He touches the plant and, just like in the mural, light explodes out of it, bathing the entire antechamber in a bright blue for an instant. Zolf covers his face with his arms and squeezes his eyes tightly shut, waiting for the light to dissapate before opening them a crack, watching as the crowds in front of him cheer. Flowers begin growing everywhere the beams of light touched, out of the walls and through the stone floor, and the merpeople hug each other and race to grab the flowers that won’t stop growing. 

He turns toward the king with a smile on his face, because if Zolf did a good job, he must be happy, but feels a strange shattering in his chest as the king looks heartbroken, swimming toward a nearby group of flowers pushing through a crack in the wall.

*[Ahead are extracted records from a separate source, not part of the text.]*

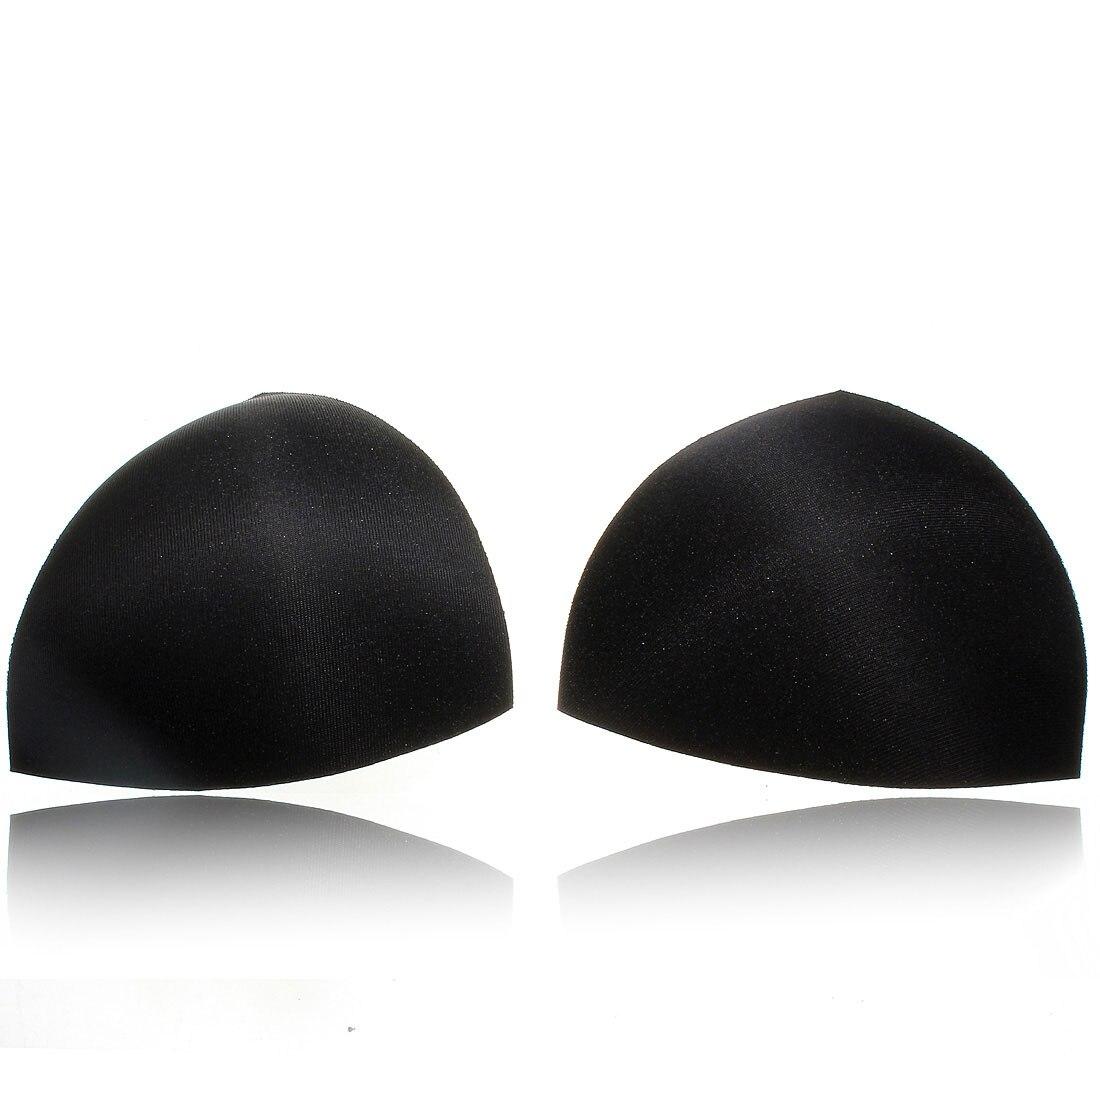 1 Pair Womens Sponge Gel Bra Inserts Pads Breast Enhancer Intimates Padded Bras Underwear White Black Nude Color 3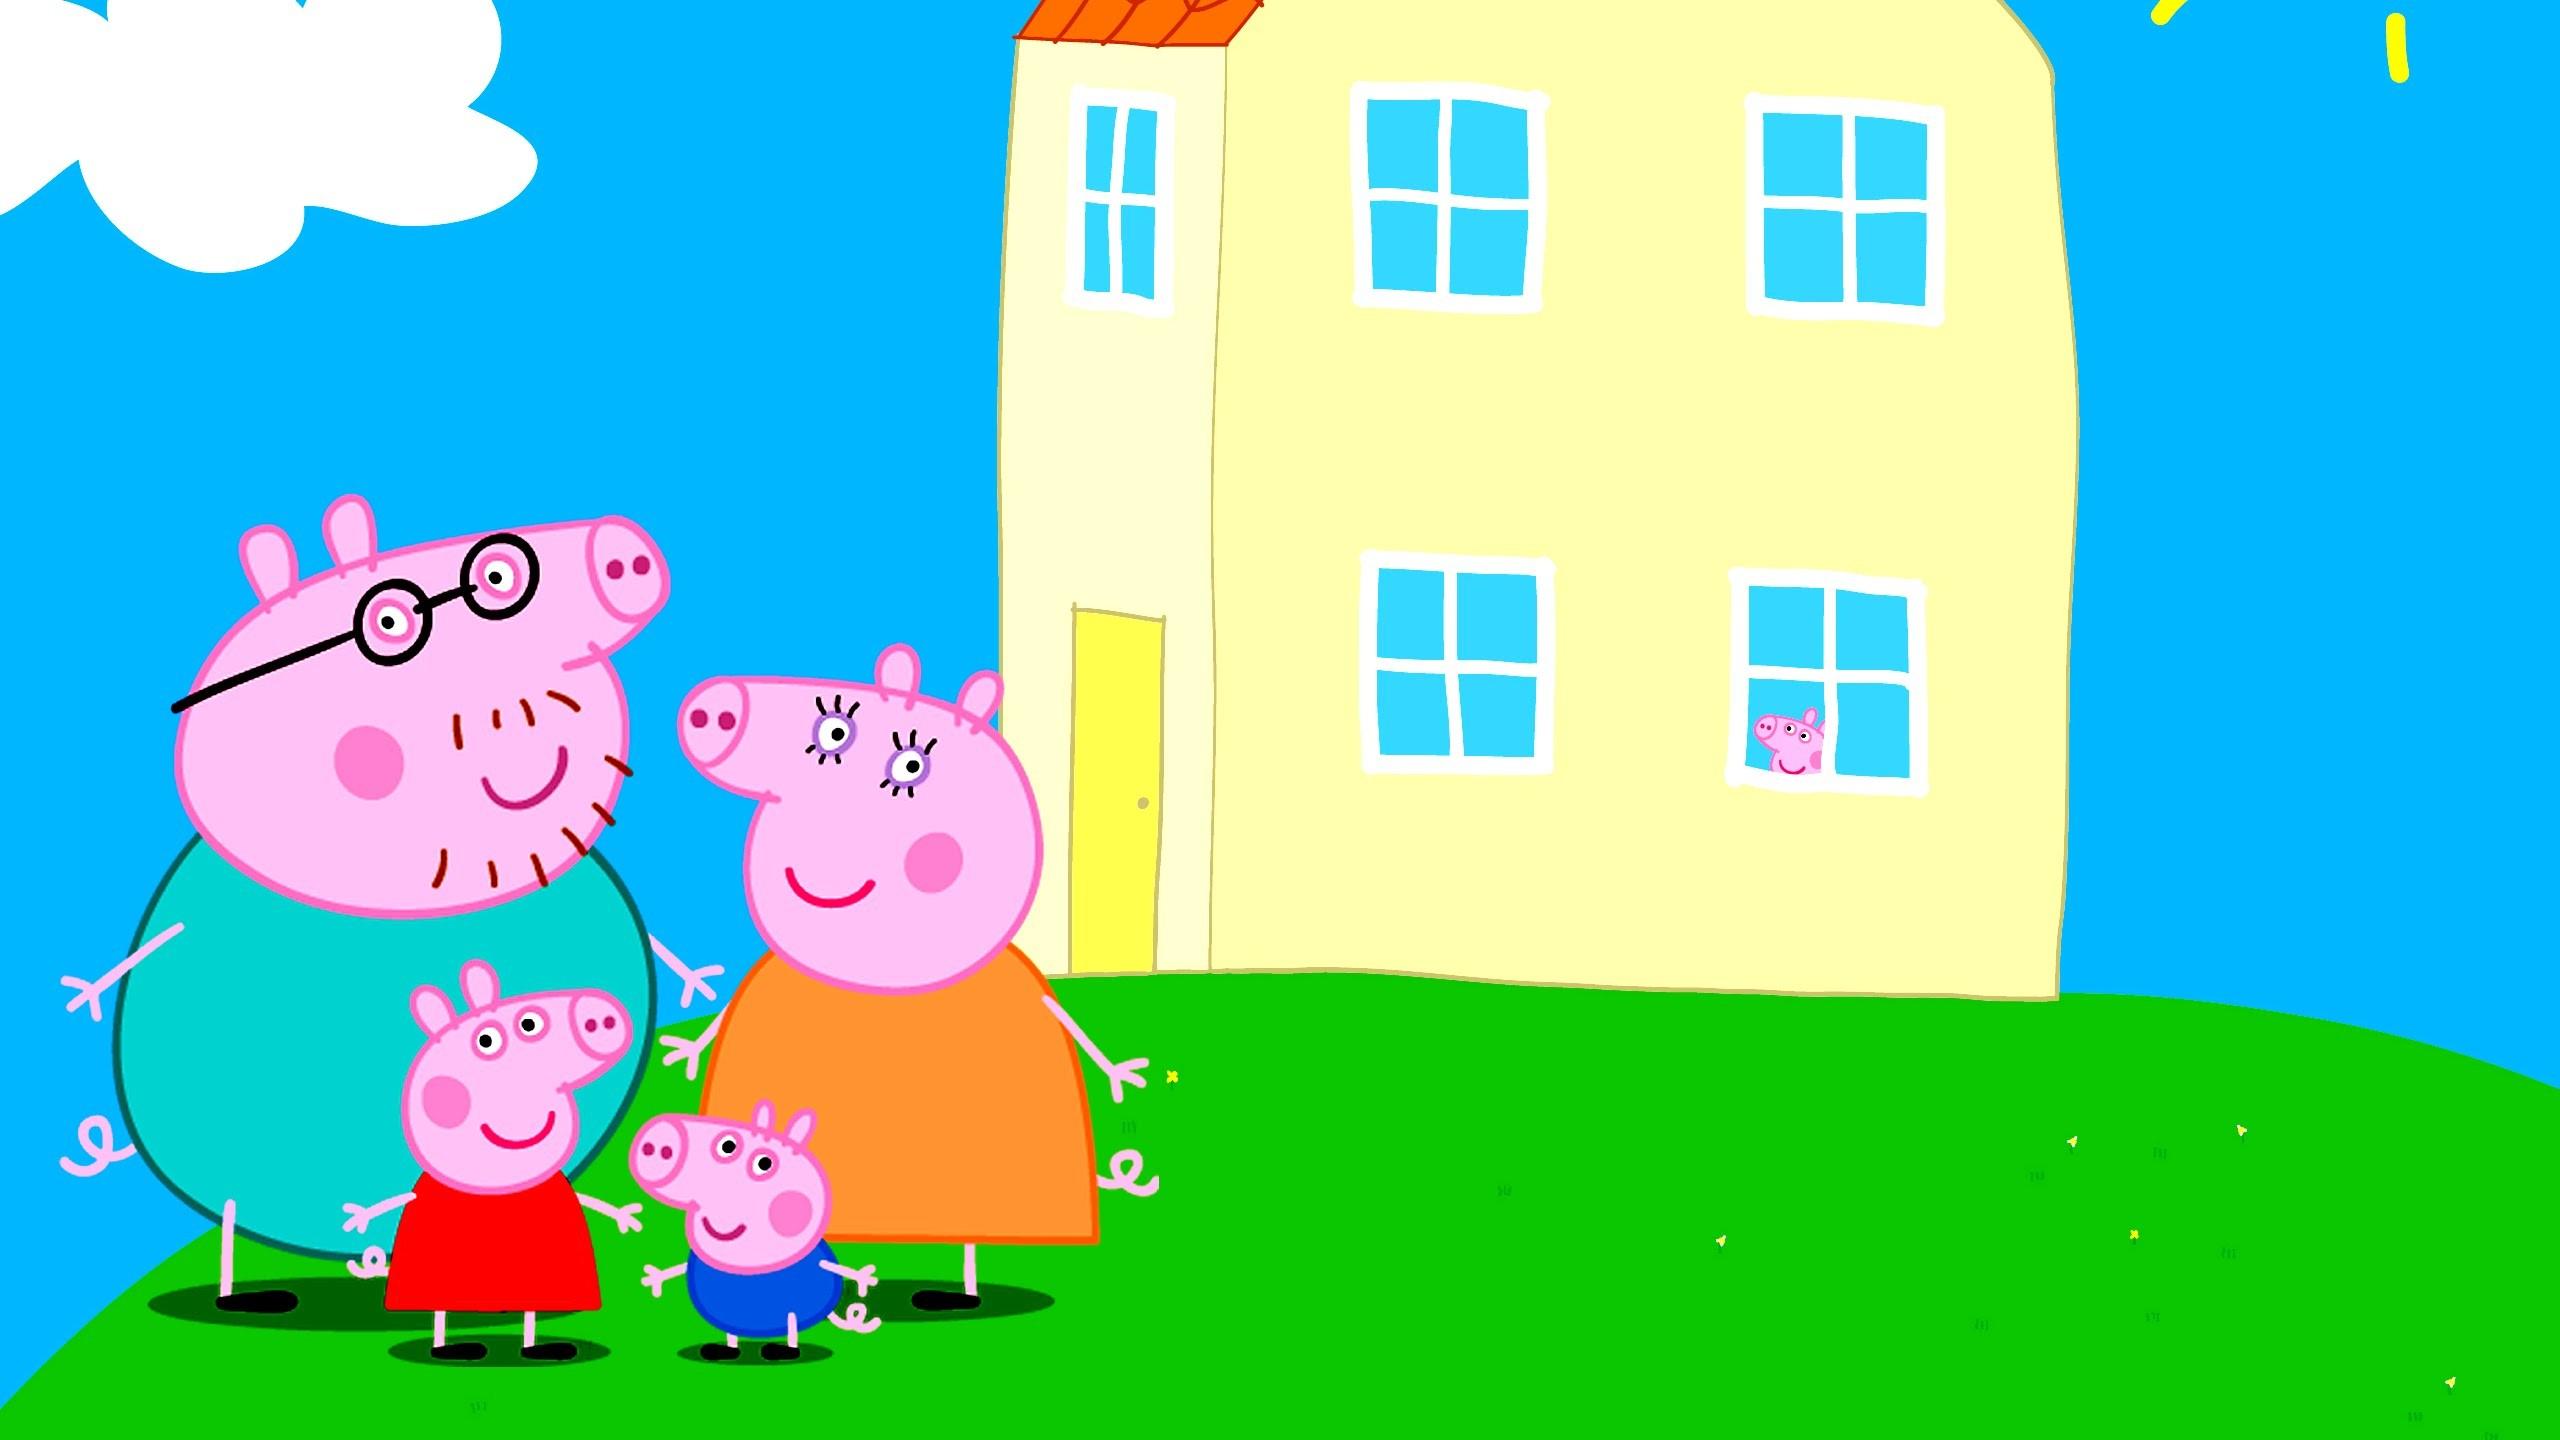 Peppa Pig Wallpaper 67 Images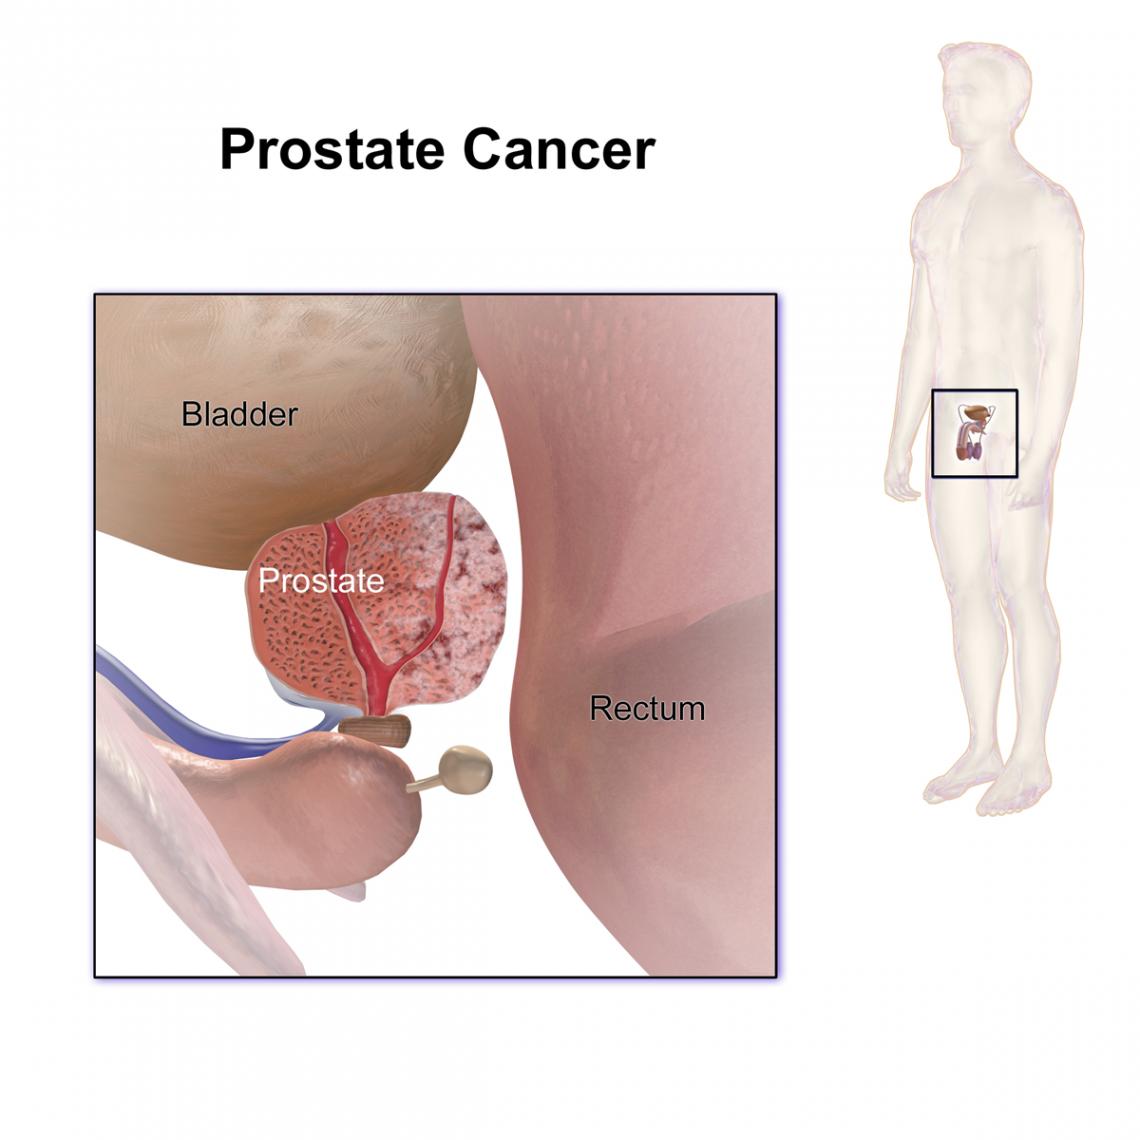 diferentes tipos de biopsia de próstata

“This isn’t  _ right _ ,” the king whispers, holding a pile of dead flowers in his hands. “Drifter, this isn’t what was supposed to happen! The flowers are the wrong color!” 

It doesn’t take long for the confusion to spread among the masses, passing hushed whispers and betrayed cries between them.

“The Drifter didn’t save us?”

“Maybe the prophecy will still come true!”

“He needs to try again! My wife is sick, this was the only cure!”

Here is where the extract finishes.